# I started a thread in the wrong forum



## gearloose (Aug 29, 2017)

My thread on Hillbilly Bacon in the hot smoked bacon forum should be moved to the cold smoked bacon forum. 

Thank you!


----------



## Bearcarver (Aug 29, 2017)

You did your Hillbilly Bacon at about 125° smoker temp, like I do my Bacon.

You put it in the right place.  Cold smoking here is considered below 100°.

It looks Great Too.

Bear

On edit, they changed the definition of cold smoked here---You were right, GL.

Bear


----------



## gearloose (Aug 29, 2017)

not according to the welcome message in the cold smoked bacon forum:


> Welcome to COLD SMOKED Bacon!  This is for bacons of all types that you have intentionally cold smoked, under 135° F internal.


That's the reason I posted this request to move the thread.  I'm just trying to follow the forum guidelines.


----------



## Bearcarver (Aug 29, 2017)

gearloose said:


> not according to the welcome message in the cold smoked bacon forum:
> 
> That's the reason I posted this request to move the thread.  I'm just trying to follow the forum guidelines.


That's why I corrected myself "On Edit".

You were right---I said that.

On this forum Cold Smoked Bacon used to be using under 100° smoker temp.

It seems somebody changed that to "Cold Smoked means intentionally smoked to under 135° internal" (That Goofy).

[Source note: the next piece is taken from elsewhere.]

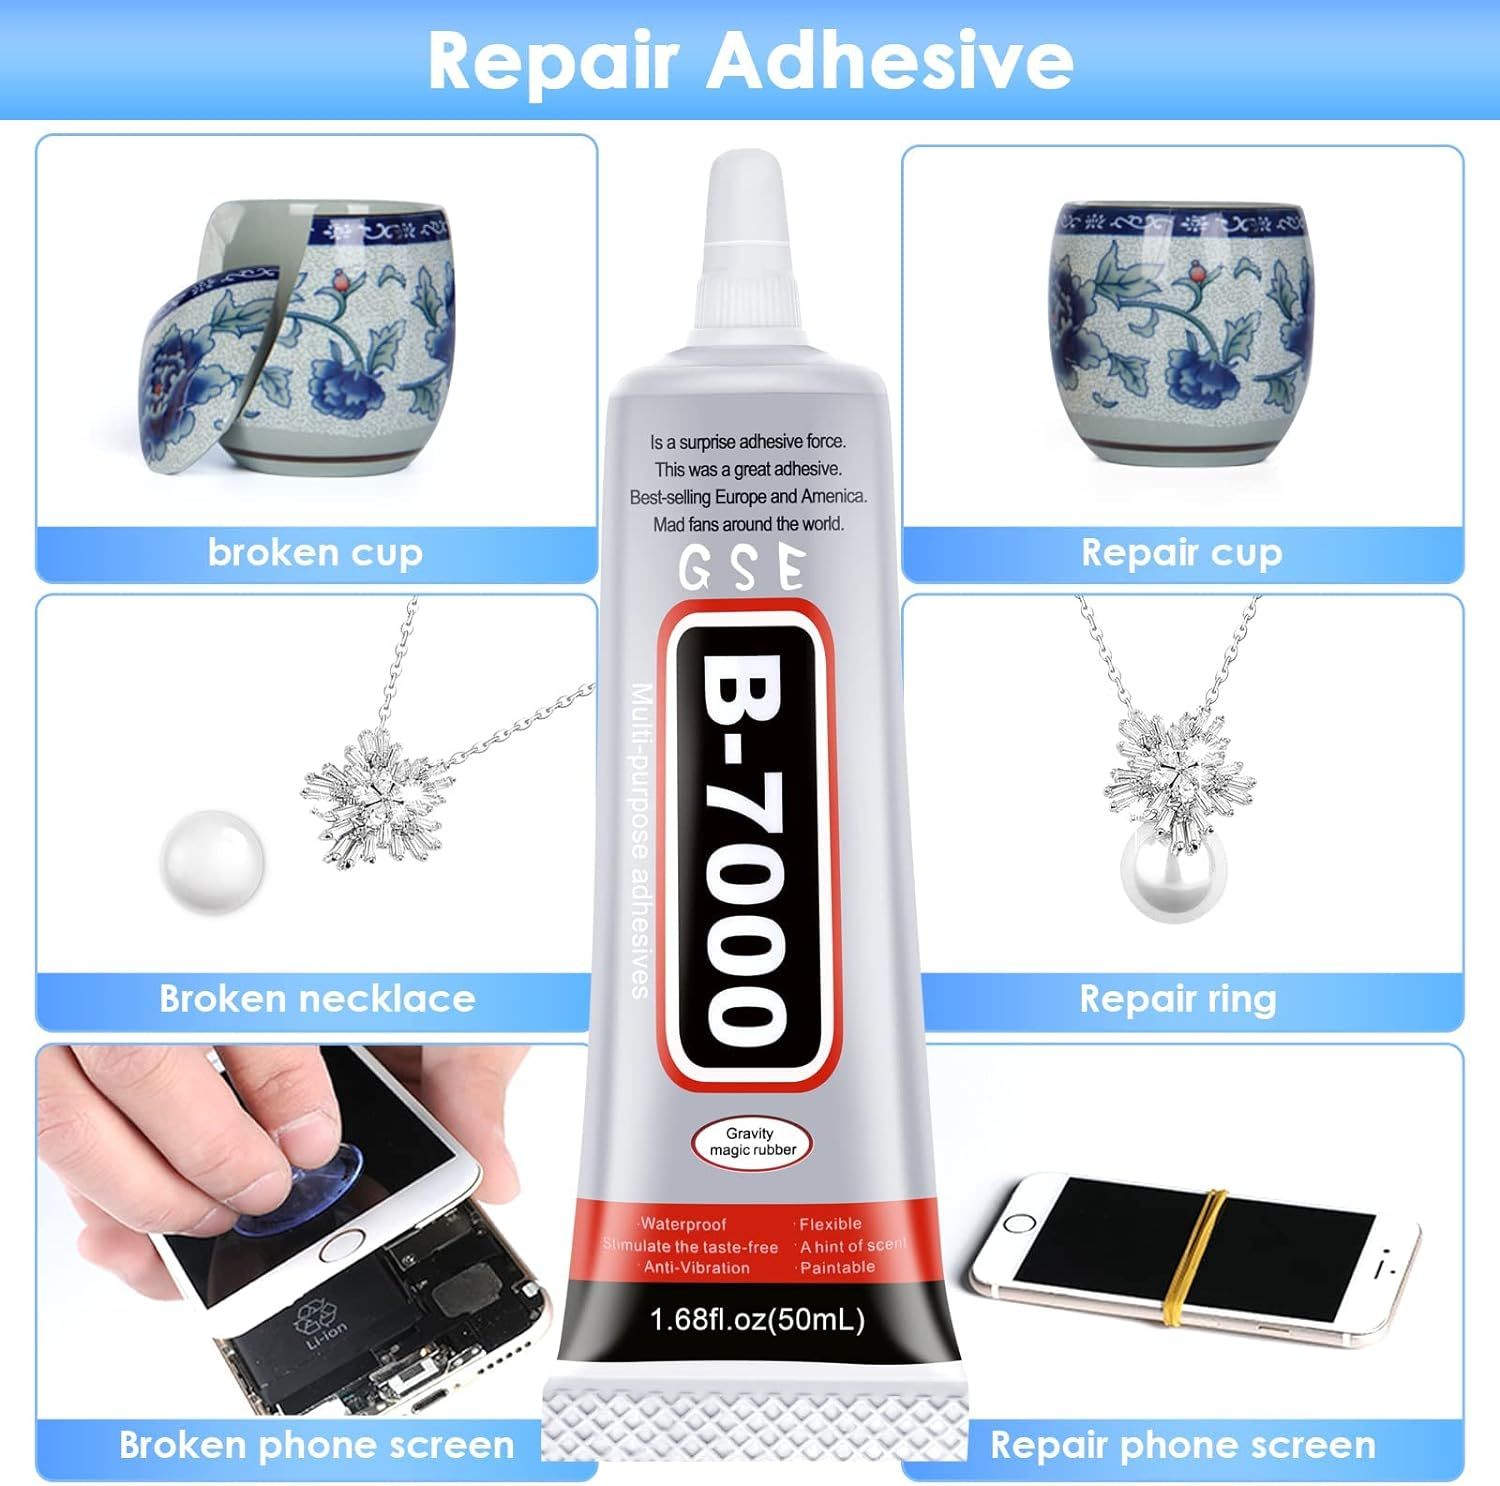 B7000 Jewelry Glue, 4PCS X 25ML B-7000 Clear Super Glue Multi-Function  Glues Transparent Industrial Adhesive for Phone Repair Jewelery Making  Crafts

So going by that you were 100% right.

I apologize.

Bear


----------



## gearloose (Aug 29, 2017)

Bearcarver said:


> It seems somebody changed that to "Cold Smoked means intentionally smoked to under 135° internal" (That Goofy).
> 
> So going by that you were 100% right.
> 
> ...


No problem.  I overlooked your edit when I made my post.  All's good.


----------



## pc farmer (Aug 29, 2017)

Moved it for ya


----------



## pit 4 brains (Aug 29, 2017)

I checked it out, you can flag your own post for editing / moving, etc..

It will more than likely speed up the request.


----------